The first time a user requested resolution for www.example.com, the DNS server would hand back multiple addresses (one for each server that hosted the application) in order, say 1, 2, and 3. The next time, the DNS server would give back the same addresses, but this time as 2, 3, and 1. This solution was simple and provided the basic characteristics of what customer were looking for by distributing users sequentially across multiple physical machines using the name as the virtualization point.

From a scalability standpoint, this solution worked remarkable well; probably the reason why derivatives of this method are still in use today particularly in regards to global load balancing or the distribution of load to different service points around the world. As the service needed to grow, all the business owner needed to do was add a new server, include its IP address in the DNS records, and voila, increased capacity. One note, however, is that DNS responses do have a maximum length that is typically allowed, so there is a potential to outgrow or scale beyond this solution.

This solution did little to improve HA. First off, DNS has no capability of knowing if the servers listed are actually working or not, so if a server became unavailable and a user tried to access it before the DNS administrators knew of the failure and removed it from the DNS list, they might get an IP address for a server that didn't work. 

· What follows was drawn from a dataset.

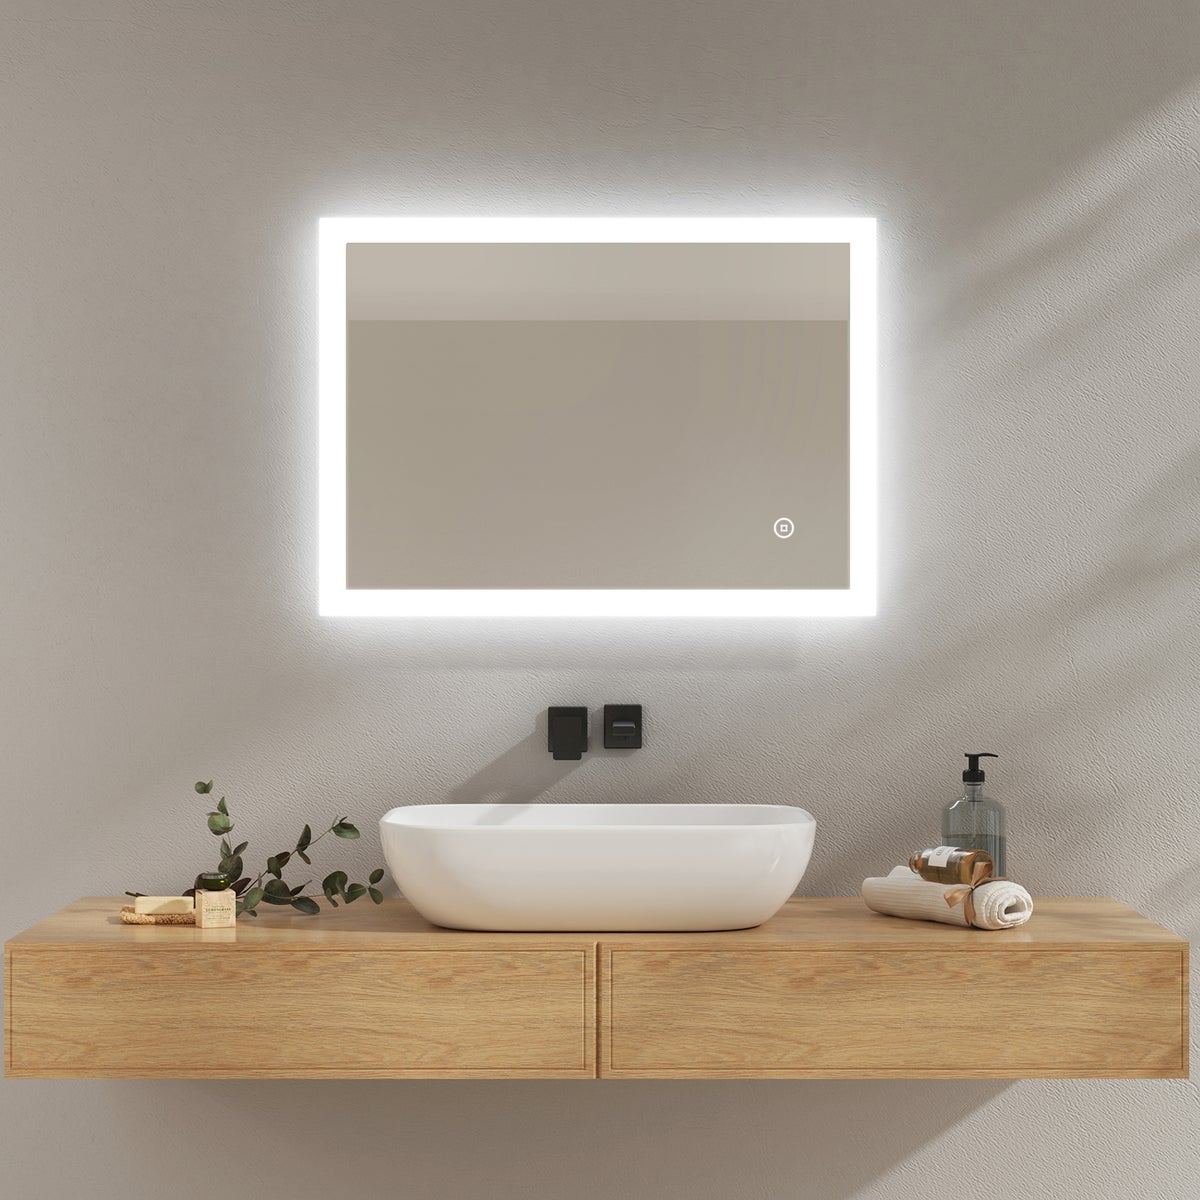 EMKE Badspiegel mit Beleuchtung, 70x50cm, Kaltweißes Licht
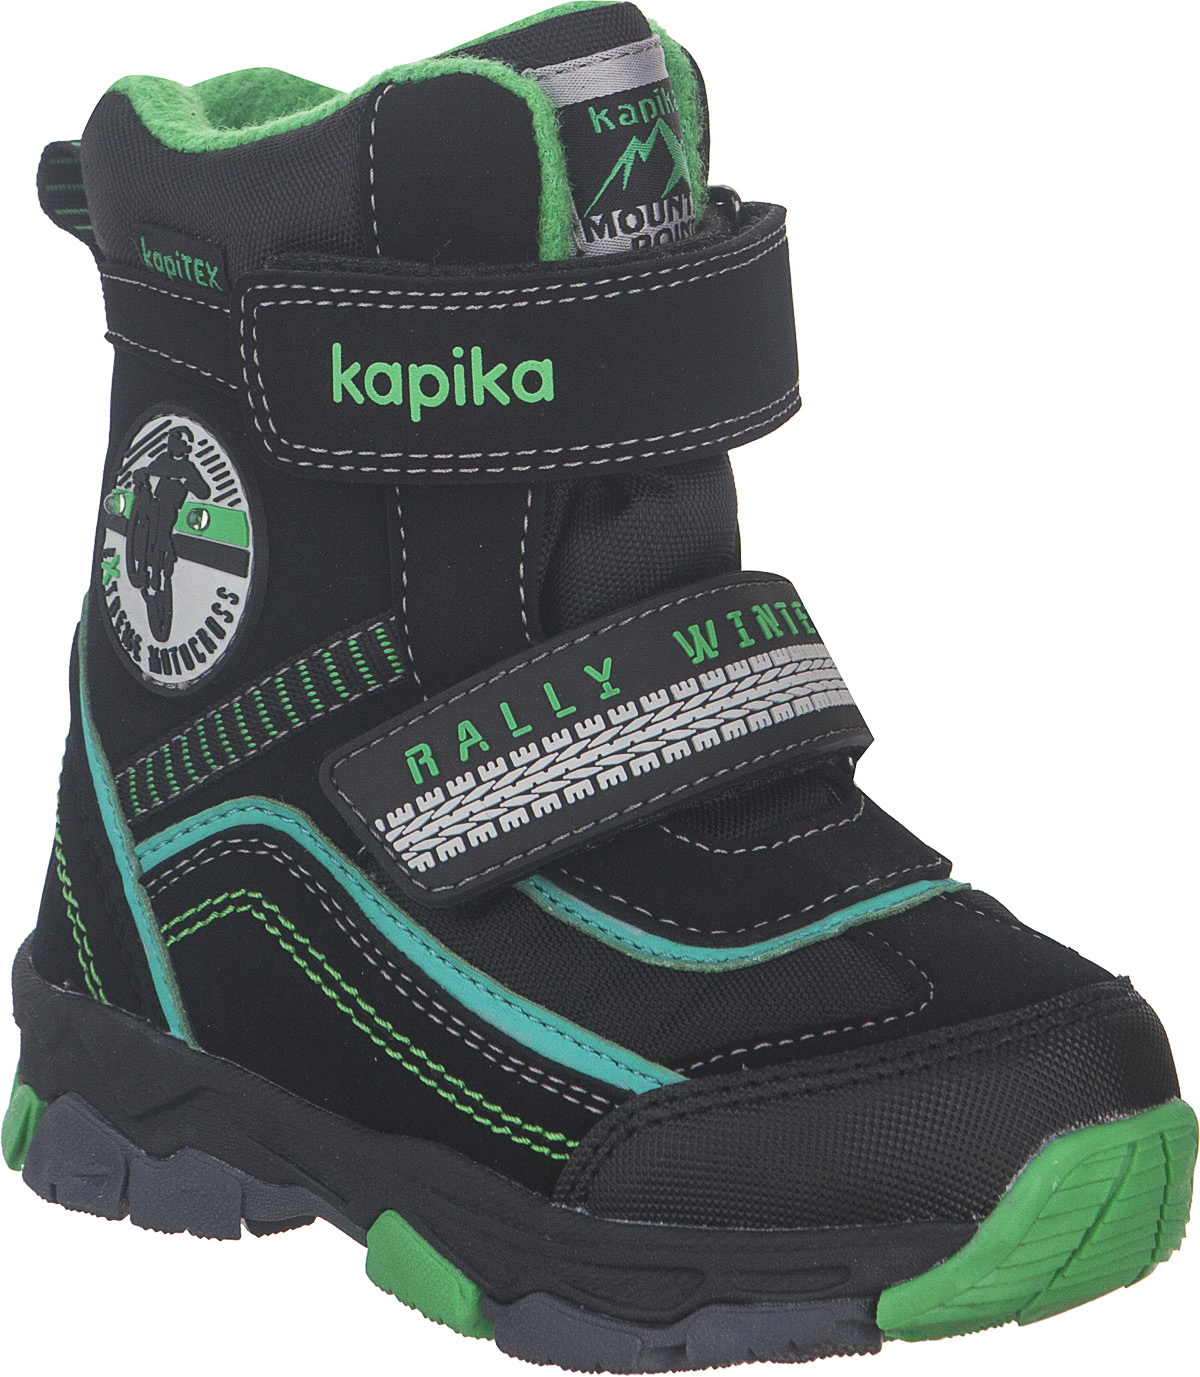 Ботинки для мальчика Kapika KapiTEX, цвет: черный, зеленый. 41230-1. Размер 23

Proprietary Load Balancing in Software

One of the first purpose-built solutions to the load balancing problem was the development of load balancing capabilities built directly into the application software or the operating system (OS) of the application server. While there were as many different implementations as there were companies who developed them, most of the solutions revolved around basic network trickery. For example, one such solution had all of the servers in a cluster listen to a "cluster IP" in addition to their own physical IP address.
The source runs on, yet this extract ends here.